The interpretation of the students’ evaluations as measures of the quality of teaching rests on the – explicit or implicit – view that the students observe the quality of teaching in the classroom and, when asked to report it in the questionnaire, they do so truthfully. Our results, however, contradict this view and seem more consistent with the idea that students evaluate teachers on the basis of their enjoyment of the course or, in the words of economists, on the basis of their realized utility. Good teachers – those who provide their students with knowledge that is useful in future learning – presumably require their students to exert effort by paying attention and being concentrated in class and by doing demanding homework. As it is commonly assumed in economic models, agents dislike exerting effort and, if the students’ questionnaires reflect utility, it is very possible that good teachers are badly evaluated by their students.

So what do we do about all this? Pellizzari writes:

Overall, our results cast serious doubts on the validity of students’ evaluations of professors as measures of teaching quality or effort. At the same time, the strong effects of teaching quality on students’ outcomes suggest that improving the quantity or the quality of professors’ inputs in the education production function can lead to large gains.

Stark and Freishat are more specific:

If we want to assess and improve teaching, we have to pay attention to the teaching, not the average of a list of student-reported numbers with a troubled and tenuous relationship to teaching.
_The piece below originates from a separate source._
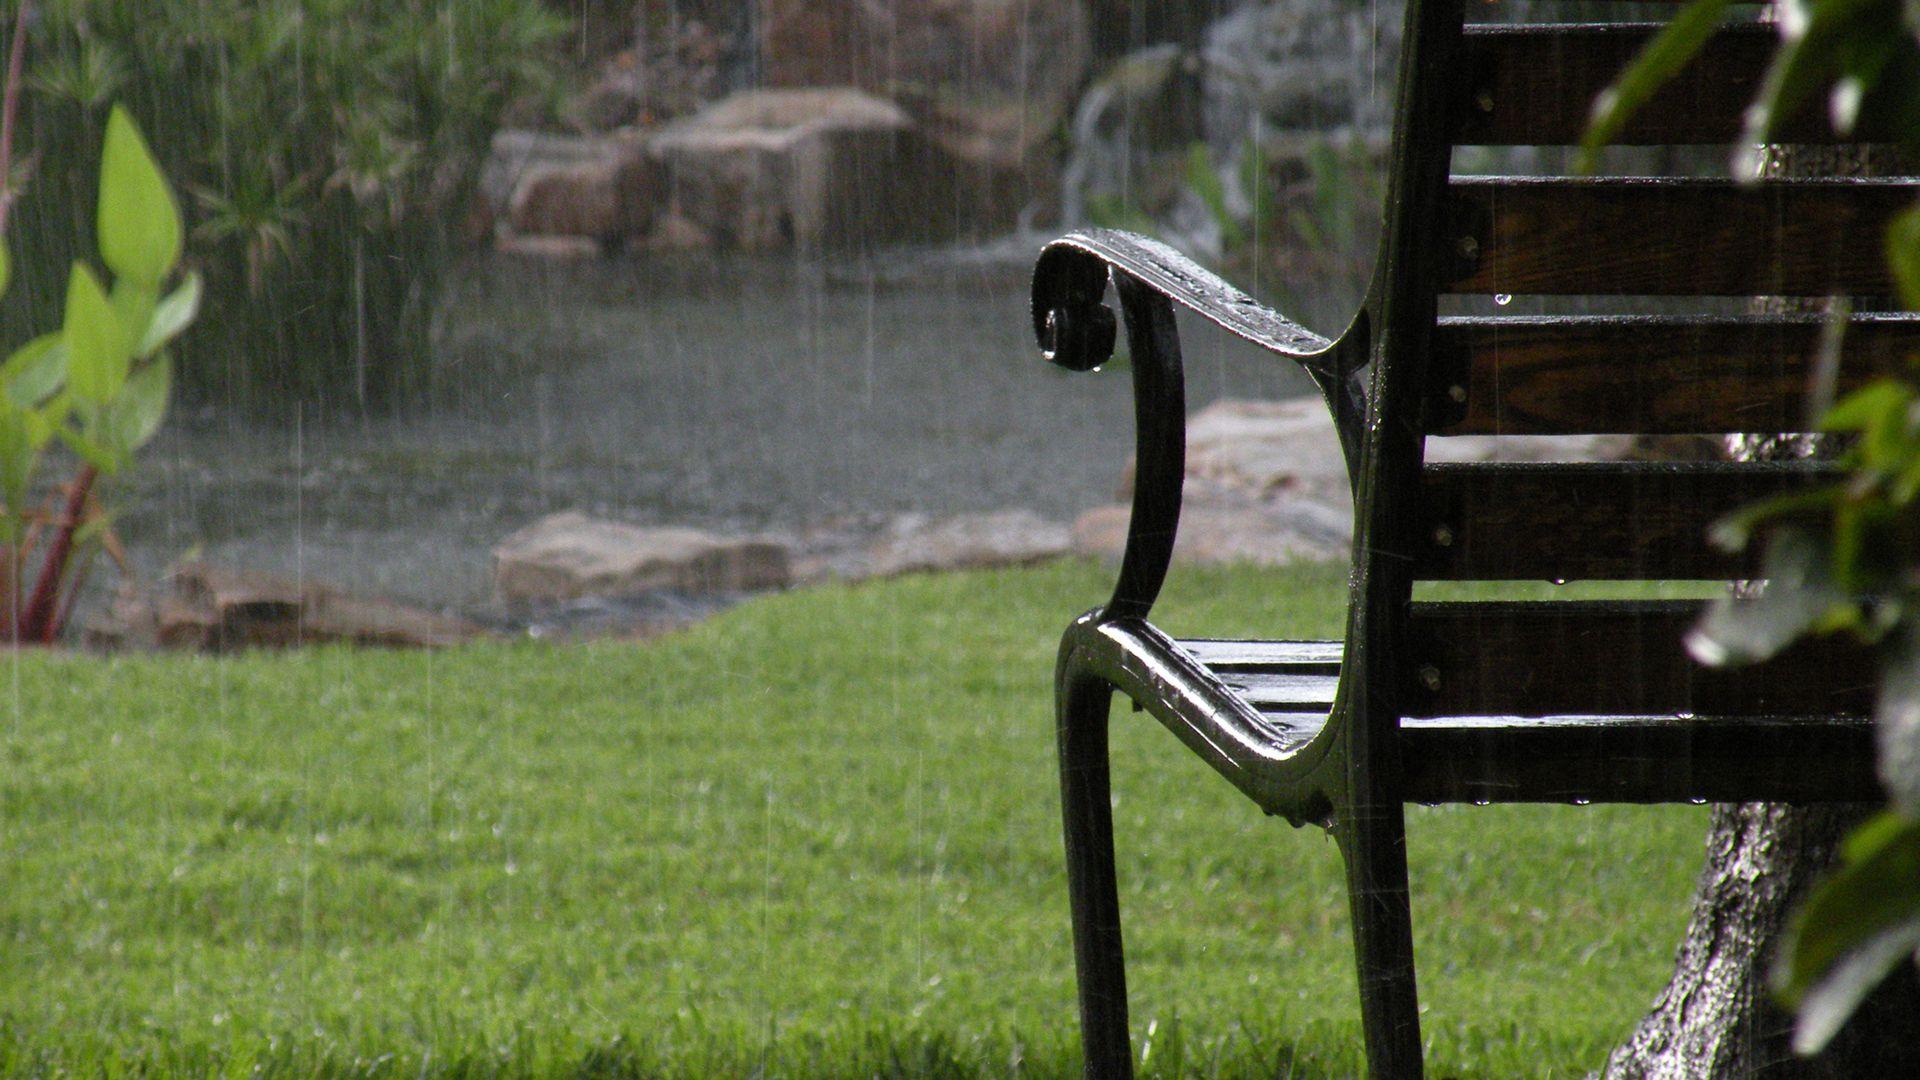 Llover en el jardín

Instead, we can watch each other teach and talk to each other about teaching. We can look at student comments. We can look at materials created to design, redesign, and teach courses, such as syllabi, lecture notes, websites, textbooks, software, videos, assignments, and exams. We can look at faculty teaching statements. We can look at samples of student work. We can survey former students, advisees, and graduate instructors. We can look at the job placement success of former graduate students.

We can ask: Is the teacher putting in appropriate effort? Is she following practices found to work in the discipline? Is she available to students? Is she creating new materials, new courses, or new pedagogical approaches? Is she revising, refreshing, and reworking existing courses? Is she helping keep the curriculum in the department up to date? Is she trying to improve? Is she supervising undergraduates for research, internships, and honors theses? Is she advising graduate students? Is she serving on qualifying exams and thesis committees? Do her students do well when they graduate?

Stark and Freishat go on to recommend a model of instructional assessment based on teaching portfolios and peer evaluation and they hold up Berkeley’s Statistics Department as a possible model. But that kind of effort often takes a good deal of time and energy and usually doesn’t provide the quick and dirty “measurable outcomes” that have become so fashionable in too many institutions.

The conclusions that I’ve reported here are, of course, already well-known to most of us who have actually taught, even if we aren’t always cognizant of the kind of rigorous and scientific investigation found in these two studies (and in many more as well). Unfortunately, however, I somehow doubt that many administrators or those in the burgeoning assessment racket will pay much attention to these studies. For too many of them, our colleges and universities are just businesses and the students are our “customers.” And, as we all know, in business the customer is always right.